When Stephen’s grandfather dies and his father is injured, Stephen and his dad eventually find their way to a hidden community called Settler’s Landing.  Here, the people live much as they did before The Collapse – in houses, with schools and holiday celebrations and even baseball.  Stephen has never experienced this kind of life, and he is torn between returning to what he has always known and accepting this new life that seems too good to be true.  Of course, there is a girl involved, too: Jenny, a strong-willed, self-imposed outcast among her own people.  When a disaster occurs for which Stephen feels responsible, he must choose whether to run or stay and help his new community.

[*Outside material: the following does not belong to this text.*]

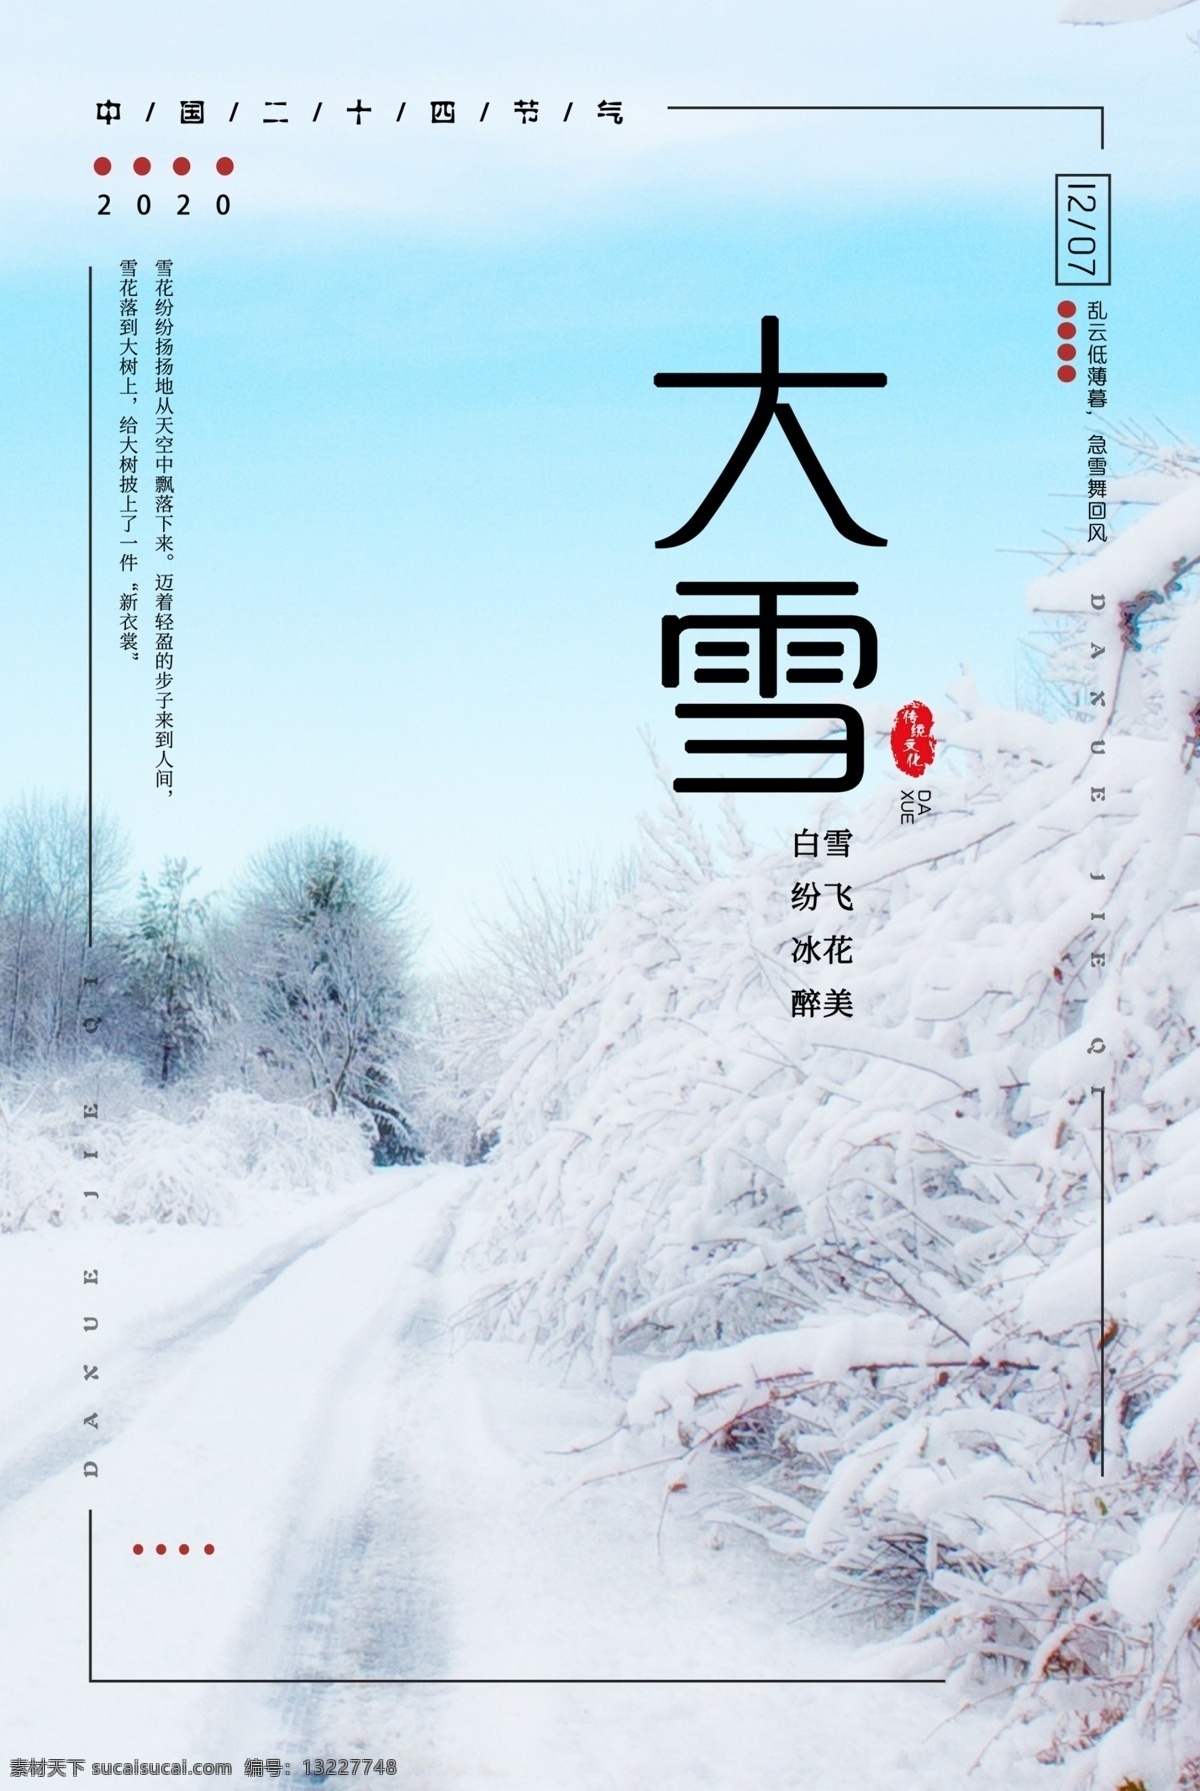 大雪 唯美 传统文化图片 传统文化 招贴设计 写实风格 节气海报

I was pulled into this novel right from the first chapters and finished it in a few days.  The characters are well drawn and real, the new landscape and situations intriguing, with plenty of action and suspense thrown in to move things along.  I was rooting for Stephen and for Jenny.  The beginning of the novel seems pretty grim, as do all post-apocalyptic stories, but there are elements of hope for a better future introduced along the way.  I thoroughly enjoyed this first novel by Jeff Hirsch and look forward to seeing what he comes up with next.

278 pages, Scholastic

NOTE: This book is classified as YA, but I think that older middle-grade readers will like it also if they generally enjoy post-apocalyptic novels.  There is, of course, some violence in it and some very mild romance.